I decided to move on to something older; something I never thought I’d be interested in watching: the 1976 classic The Omen, starring Gregory Peck. 

At first, I wasn’t sure I’d be able to sit through the whole movie. The beginning is a little creepy; with a priest pushing Peck to adopt a baby behind his wife’s back, since the shock of her miscarriage could be too much for her to bear. Remember, this was at a time when women were still seen as fragile, emotional creatures with weak constitutions who needed constant tending to. 

The family seems too perfect for the first ten minutes. Peck’s character Robert and his wife Katherine relish in their new lives as parents. Robert becomes US Ambassador to England, they move to an enormous house, and they take little Damien for pleasant strolls and saccharine family outings. It isn’t until Damien’s fifth birthday party that things take a turn for the demonic.

What makes The Omen so scary is how easily you’re tricked into believing Damien might be innocent.
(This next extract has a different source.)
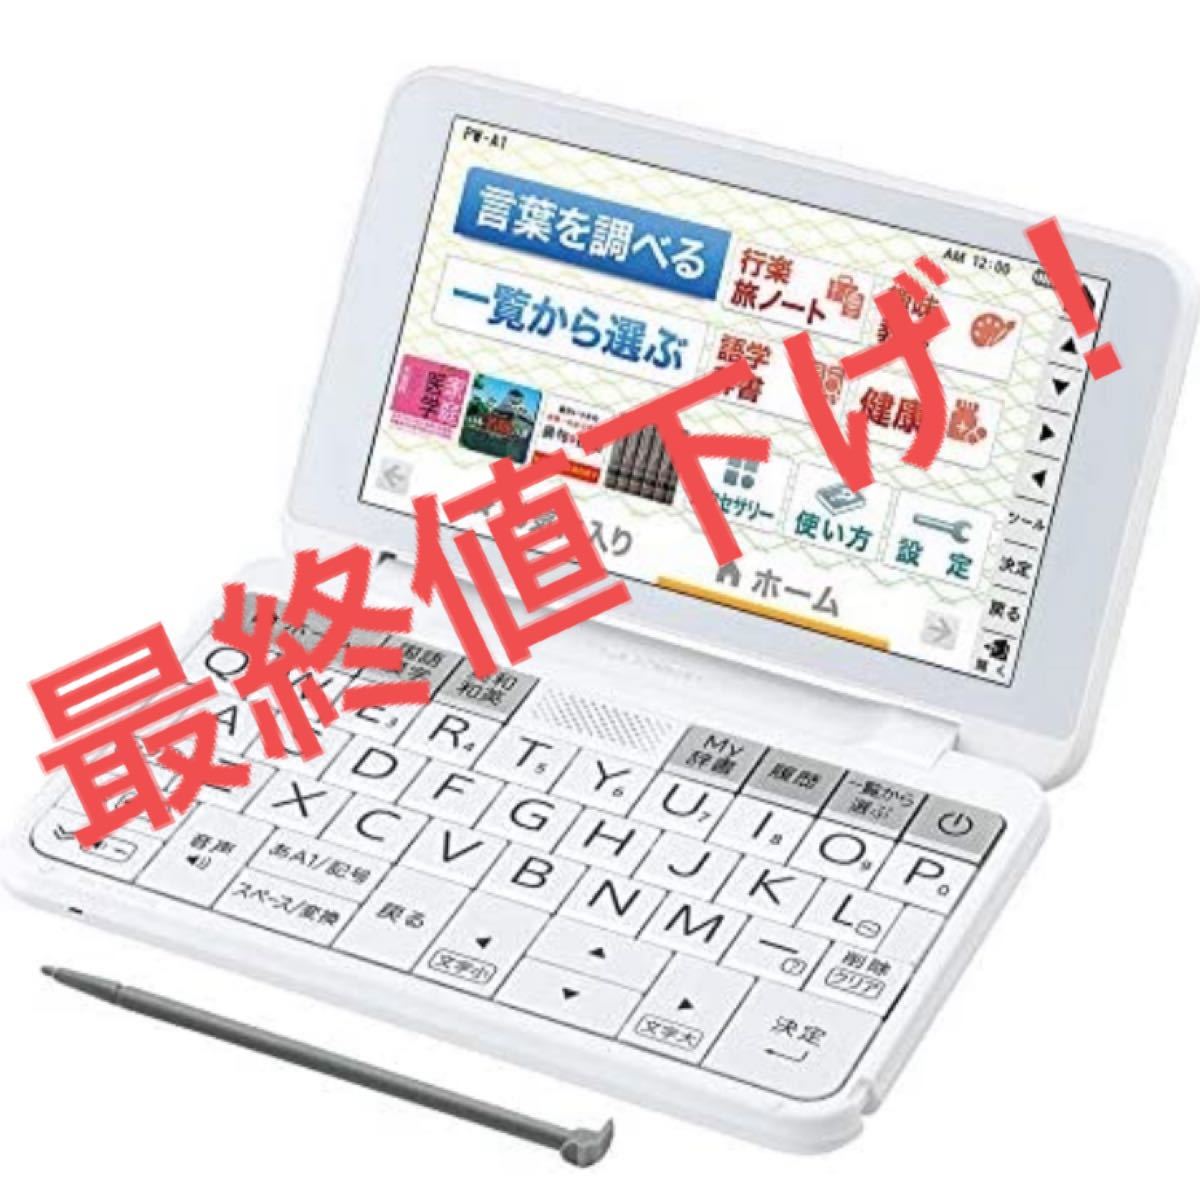 Sharp color electronic dictionary Brain high school model white series PW-G5300-W

He’s so sweet and polite that I found myself wondering if everything wasn’t just a coincidence. How could he know what would happen around him? He was only five! He never swore, never disrespected his parents, and only threw one temper tantrum! Surely he was just a victim in all this, right? 

I actually had to pause the film once I realized what was happening. I was falling for the ruse the same way Robert does. Behind the angelic face and good manners, it’s obvious that Damien has more awareness than he lets on. There’s a twisted little smile he gets whenever chaos erupts; a look which one could easily dismiss as childish amusement if one didn’t know where the story was going. 
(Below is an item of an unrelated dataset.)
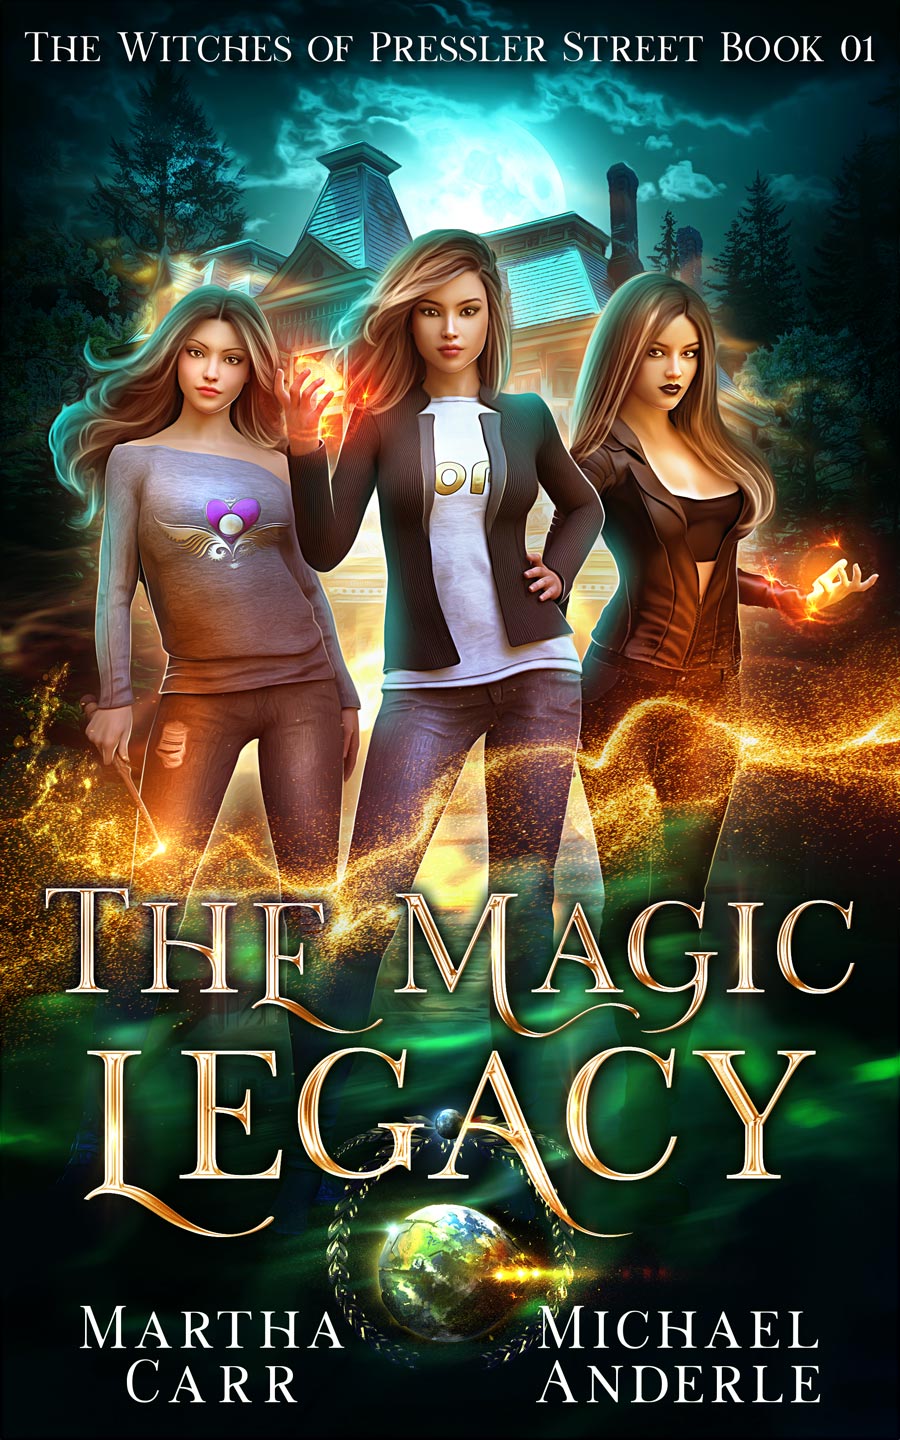 The Witches of Pressler Street Book 1: The Magic Legacy

I DID know where the story was going. I knew the ending. I knew the truth. 

And it chilled me to the bone that I was STILL suckered into believing the little demon seed was innocent! 

That’s how The Omen succeeds for me while films like The Exorcist don’t always. The Exorcist is a little too on-the-nose in terms of allegory. Pazuzu is too vocal, too obviously evil, and he got into Reagan through a ouija board; the ONE THING audiences know never to touch! We feel for Reagan because she’s just a child, but we’re not seduced into siding with Pazuzu. The line between good and evil is clear. There’s no question of who is in control. Don’t get me wrong, The Exorcist is still incredibly scary for what it is; however, it’s fear factor has degraded with time. We’ve SEEN possession movies. We’ve SEEN ouija board stories where things got out of hand. There’s very little nuance involved. 

The Omen is ALL nuance. By not showing Damien doing anything outwardly malicious, the audience is lulled into a false sense of affection. I’ve dubbed this the “Just a Baby” effect: the feeling of wanting to defend someone or something because it looks completely harmless. NOBODY would jump into a river to rescue Pazuzu. Admit it, even though the demon is in Reagan’s body, you’d let it drown if you saw it struggling in a riptide. If you saw DAMIEN struggling? No question, you’re jumping in to save him!

And don’t play that “but I know he’s the antichrist” card! He’s an adorable little boy struggling to keep his head above water! Unless you have a backbone made of steel and a heart made of granite, you’re taking the risk! 

Opposite to how the 2020 Grudge left me feeling, it’s a really bad sign when the ending of this movie left me feeling just a little okay with  how things played out. 

I knew I should be horrified. 

But he’s just so darn angelic, I couldn’t help it!!